Mr. Benjamin tapped on the folder of bank statements. “Let’s start with this, shall we? I don’t really watch TV, but from the looks of it, your wife has done quite nicely. At least lately. Must be nice.”
“The show business dollar is a very nice dollar,” Alex said.
“But if you’ll allow me,” he said. “You’re all over the place here. You’ve got stock reports, pension plans, bank records, some sort of promissory note here from someone at a studio. Why aren’t you better consolidated?”
Alex had only a vague understanding of “consolidated,” but he was pretty sure that a guy who’d just had his entire family fortune embezzled by a single crooked money manager was telling him to put all his money in one pot.
Heart racing, Alex racked his brain for a halfway-informed response, mentioning a “portfolio manager’s asset allocation.” Across the table, Mr. Benjamin looked pained. Alex got quiet and tried to straighten his back against the quicksand of upholstery.
“Let’s move on to the inspections,” Mr. Benjamin said, holding up the chimney report with a thumb and index finger. “This,” he said, “is horseshit.”
Then, with a dramatic flourish, he held up the sewer inspection. “Bullcrap.”
Finally, he held up the mold report. “Absolute one-hundred-percent mooseturd.” He waved a pencil in front of him like a baton. “This home has been scrupulously maintained. Any suggestion otherwise is unconscionable.”

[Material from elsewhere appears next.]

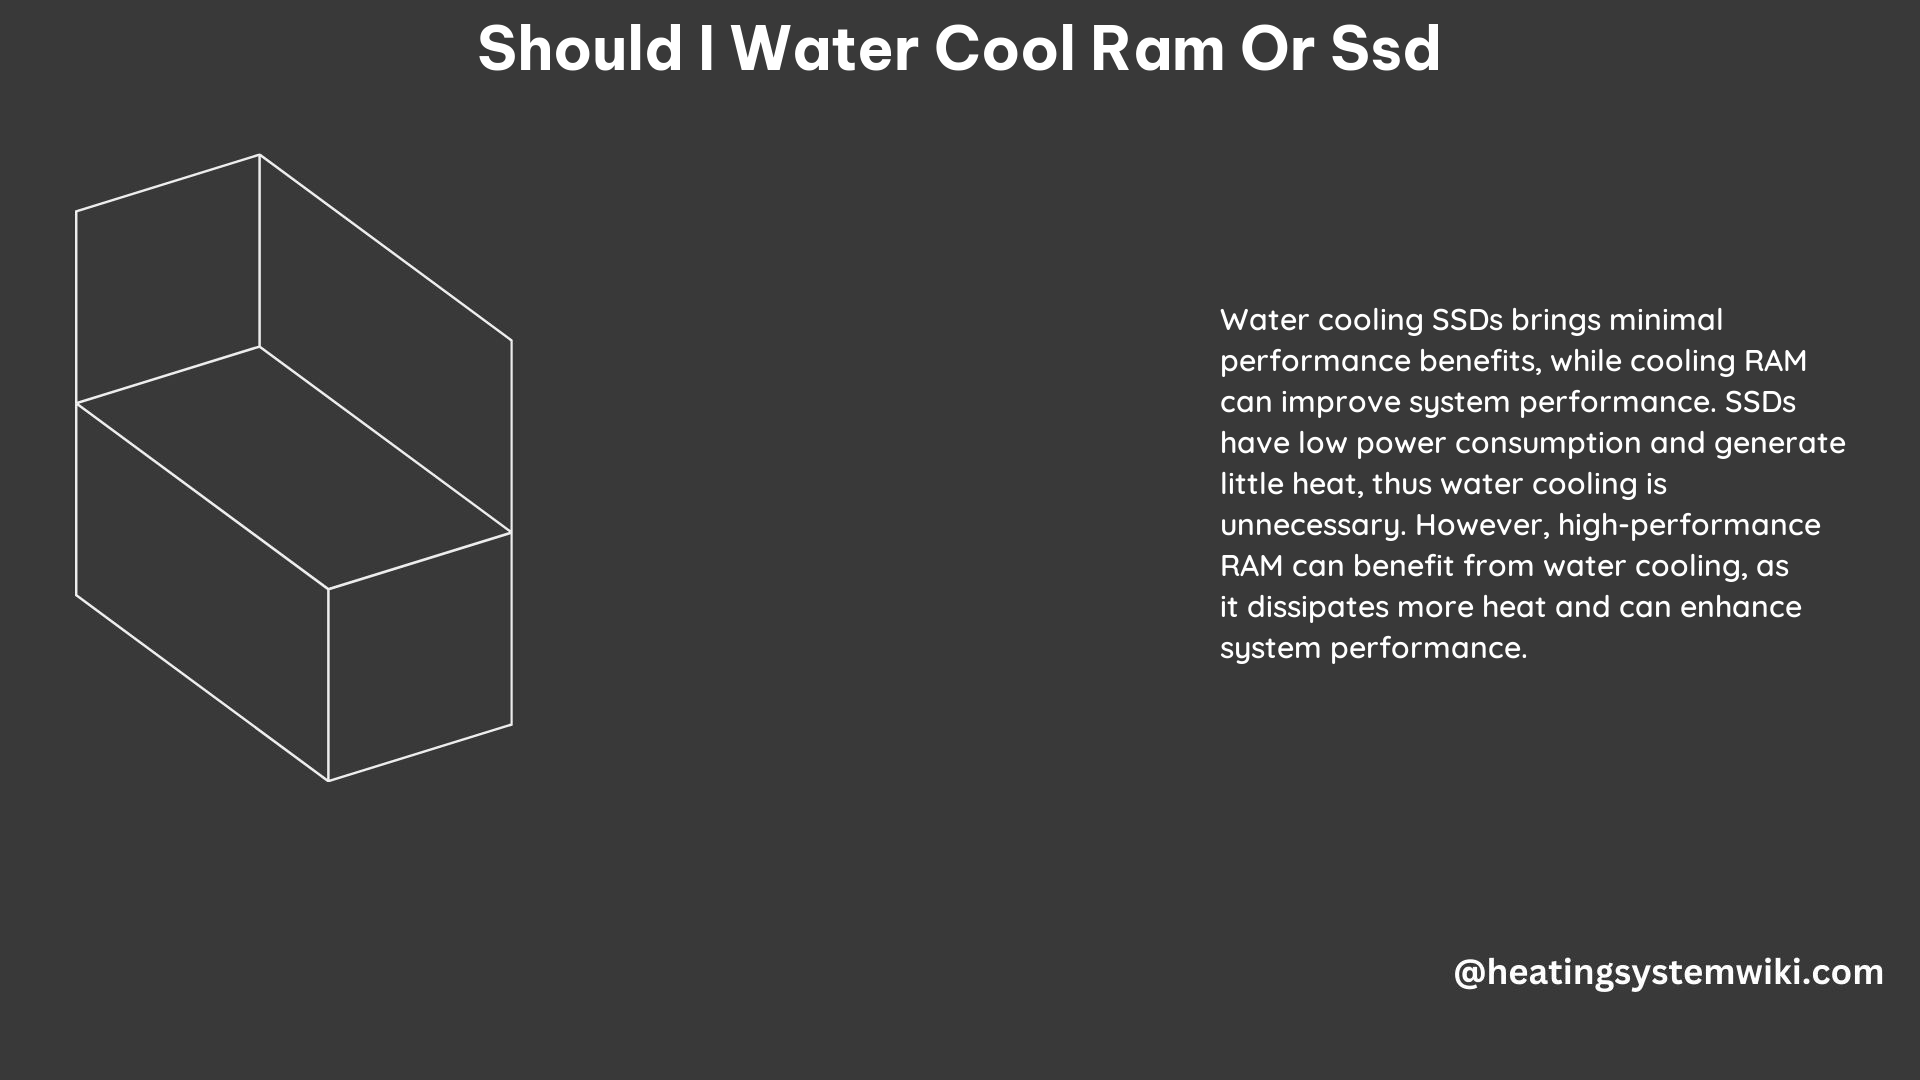 Should I Water Cool Ram or SSD

Alex crossed one leg over the other and nodded, he hoped thoughtfully. He chose his words c
arefully.
“I want you to know, Mr. Benjamin, that I appreciate, given all you’ve been through, that you may have some difficulties with trust,” he said. “But I also hope you can appreciate that I’m not trying to cheat you out of anything.”
Mr. Benjamin took off his reading glasses and drummed his fingers on the pile of papers.

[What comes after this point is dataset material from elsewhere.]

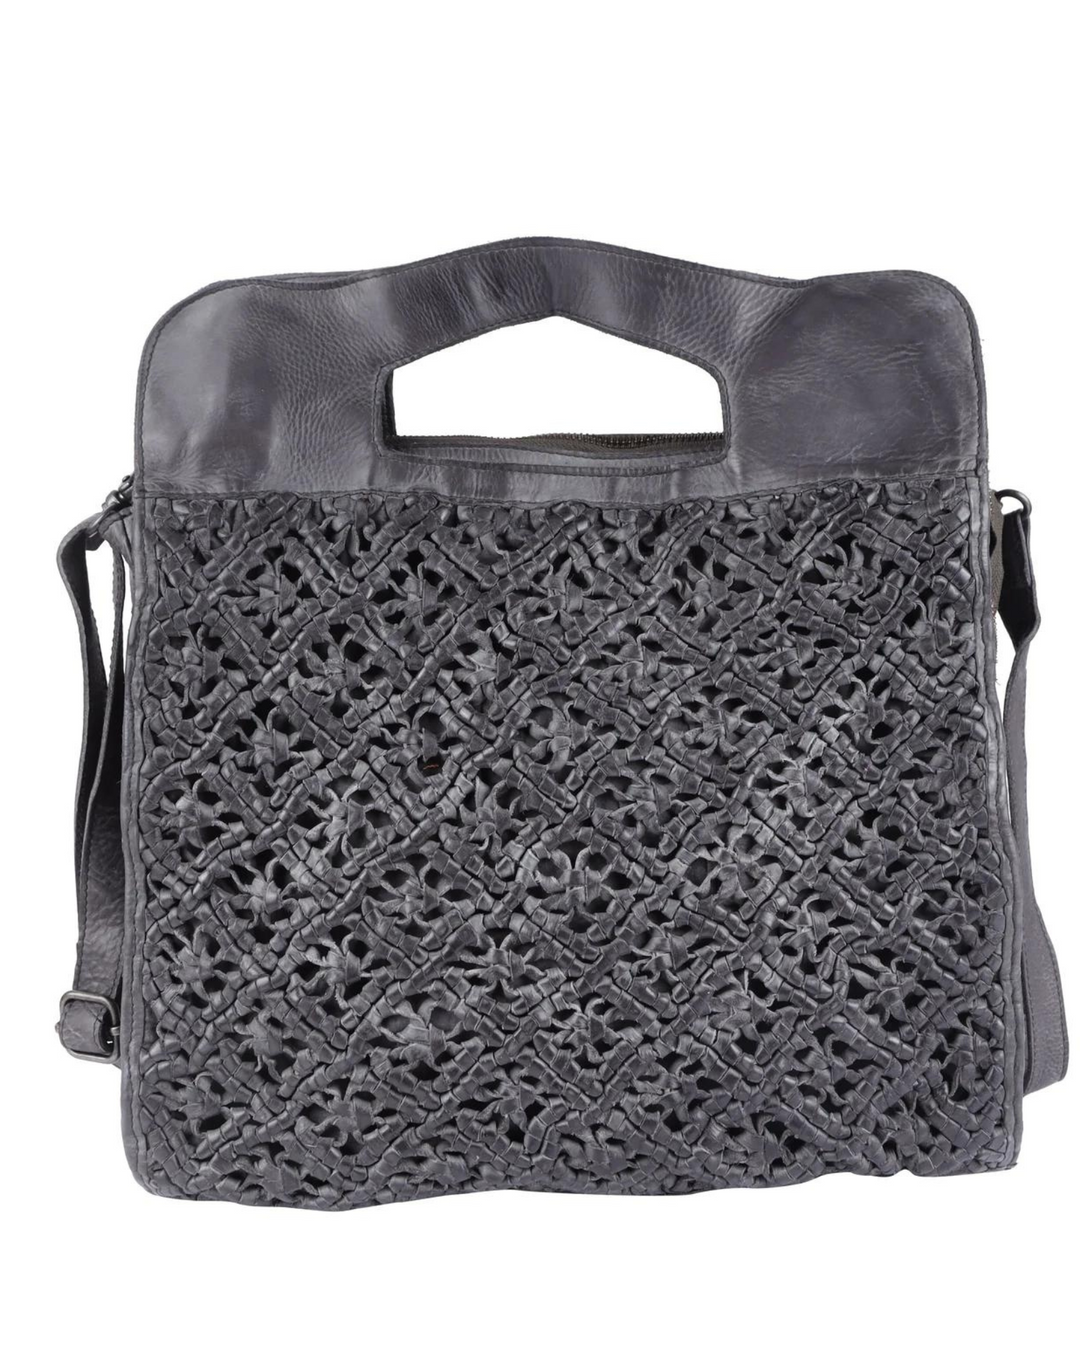 Latico Beth Tote in Charcoal - Dear Lucy

“Please,” Alex went on. “Big picture here. Our agreement is more than fair. And these credits are such a tiny piece of this, comparatively.”
The old man narrowed his eyes. “I’ll do half.”
“Half?” Alex said. “I was thinking more like the full thirty-six.”
Mr. Benjamin scratched his chin. “Let’s put a pin in that for the moment. Have you had a chance to look over the sale list?”
Colby had passed along a list of sale items—Alex had stopped reading after two pages of French antiques, Persian rugs, and ornamental fixtures. “We’re not really chandelier people.”
“There’s one item in particular that didn’t go on that list—and I really think you should take it.”
“What’s that?”
“Judy’s tanning bed. It’s in the guest room upstairs? Big bronze monster, with the fluorescent lights? Judy adores it, but no way can we fit it in the new place.”
Alex nodded, not quite getting where this was going.
“She got it for eight thousand a year ago. I’ll give it to you for three. Take it and we’ve got a deal.”
“So—what are you saying? I buy the tanning bed… you take the credits? We’re done here?”
Mr. Benjamin leaned forward. “It would mean a lot to me,” he said.
Alex scratched the back of his head. No way this wasn’t a win. But from the look on Mr. Benjamin’s face, this wasn’t about the money—to him, it was a fuck-you. To him, to his wife, to this whole situation. But so what if unloading his wife’s tanning bed on Alex let Mr. Benjamin feel like he was the real man? Let him have the bullshit symbolic victory. The only thing it said about Alex was that he could pull himself out of this horrible armchair, close the deal, and never see Mr. Benjamin again.